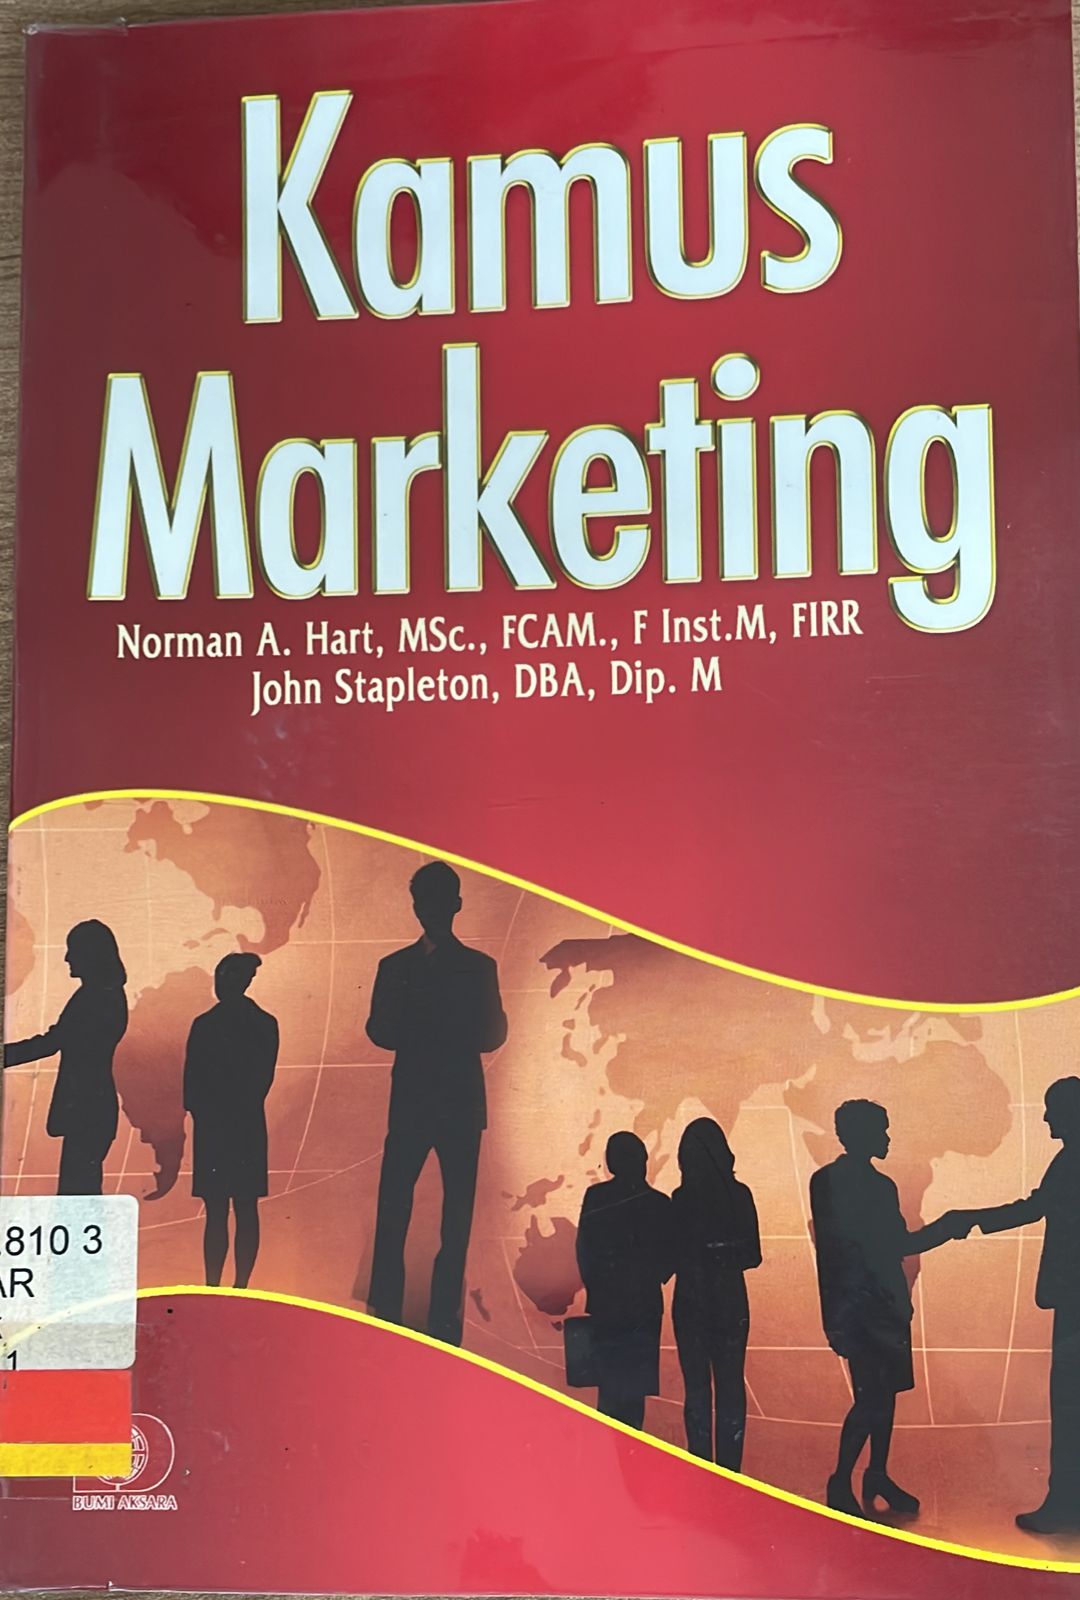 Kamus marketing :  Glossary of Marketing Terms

--

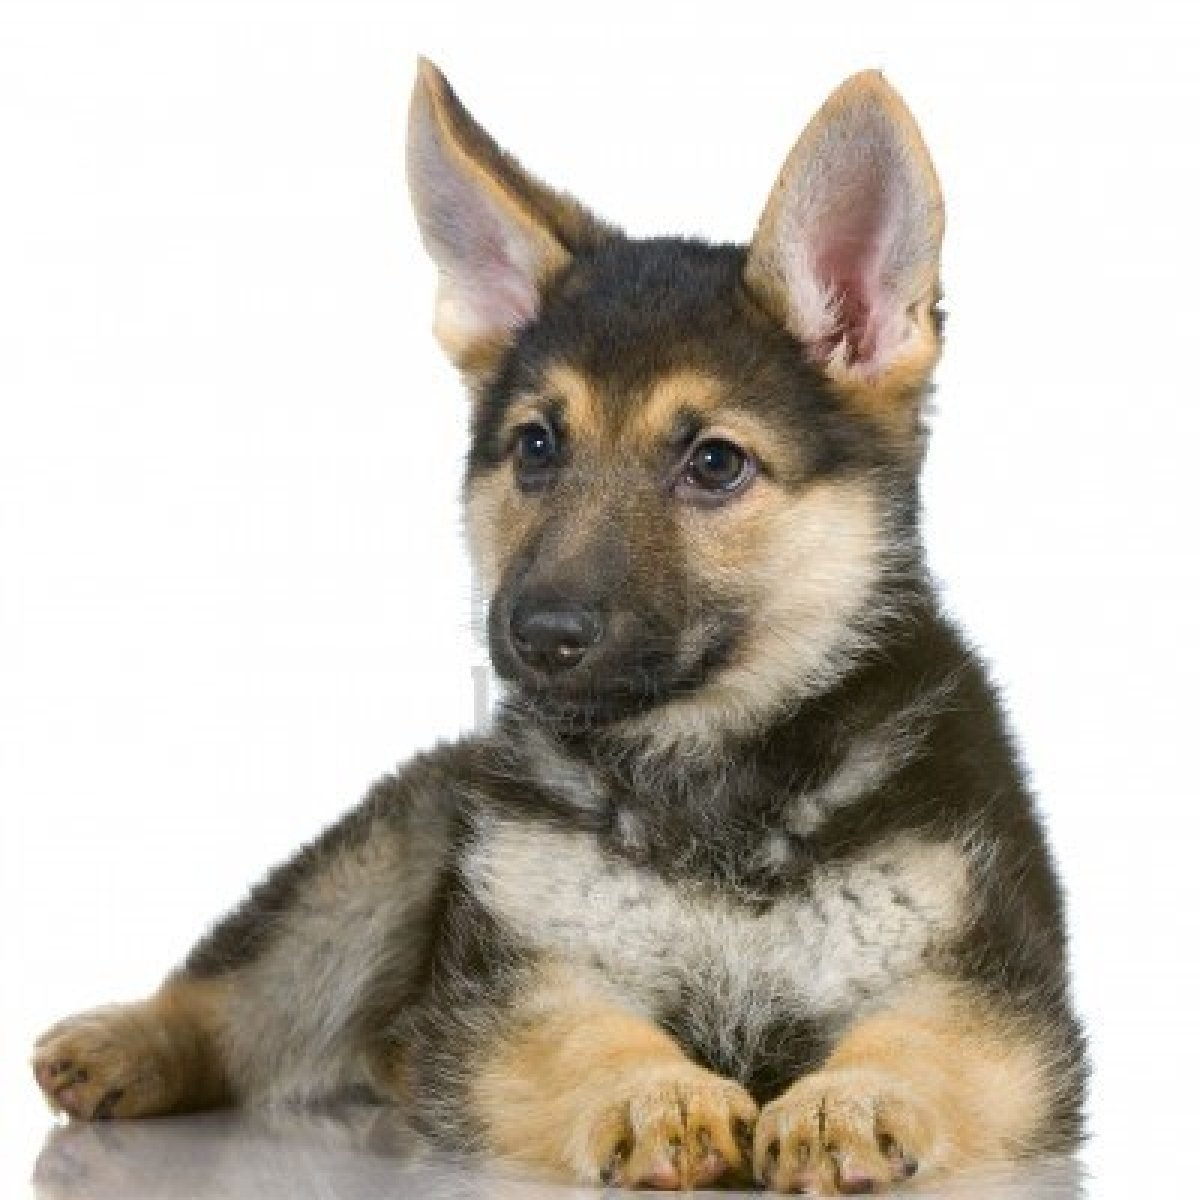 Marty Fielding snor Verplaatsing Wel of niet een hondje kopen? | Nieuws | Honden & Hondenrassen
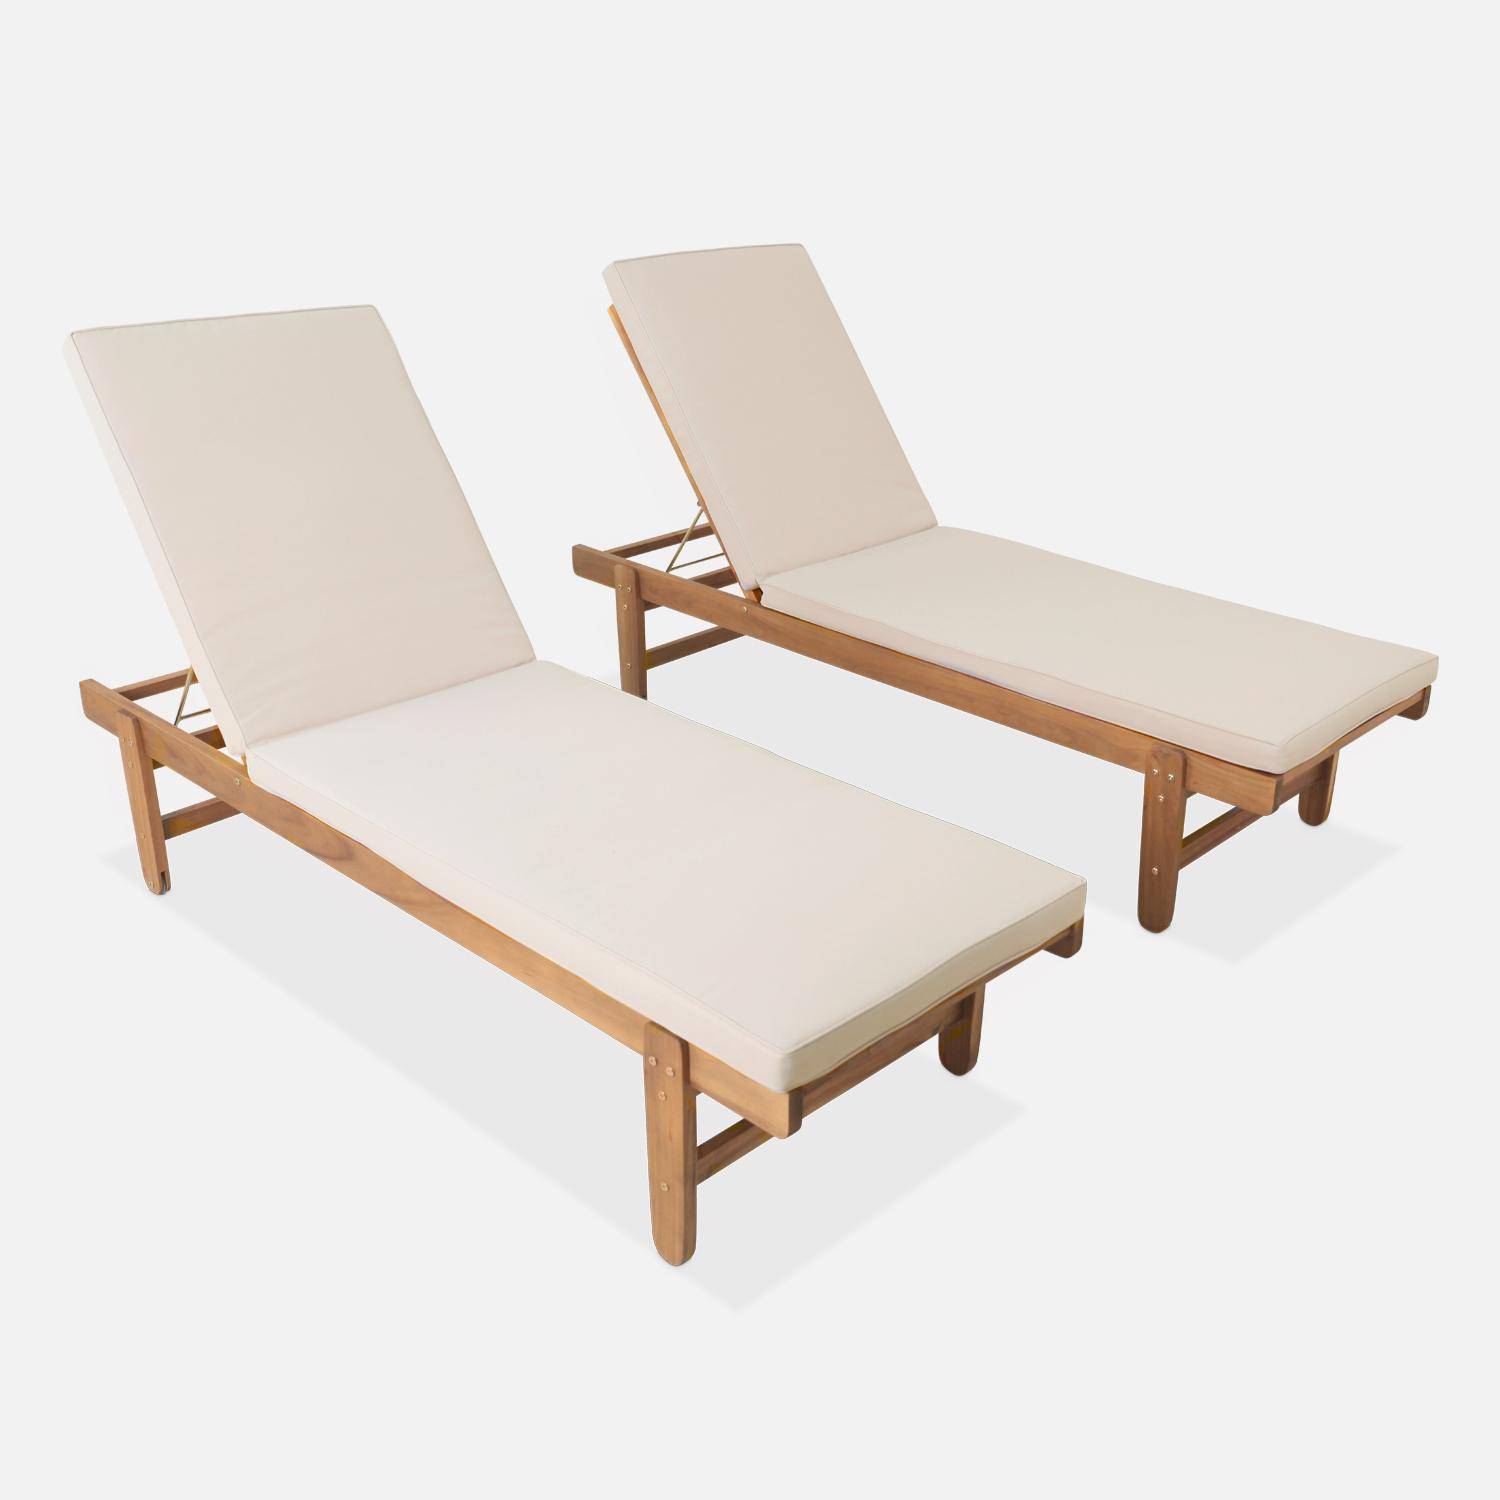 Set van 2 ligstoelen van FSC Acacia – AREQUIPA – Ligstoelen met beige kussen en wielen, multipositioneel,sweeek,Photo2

_What you are asked to do_
Going by the entries above, repeat exactly the lines that start at the line with "Marty Fielding snor" and go on through the line with "Set van 2 ligstoelen". Pictures are not part of the copy.

_Problem solution_
 Marty Fielding snor Verplaatsing Wel of niet een hondje kopen? | Nieuws | Honden & Hondenrassen
 Set van 2 ligstoelen van FSC Acacia – AREQUIPA – Ligstoelen met beige kussen en wielen, multipositioneel,sweeek,Photo2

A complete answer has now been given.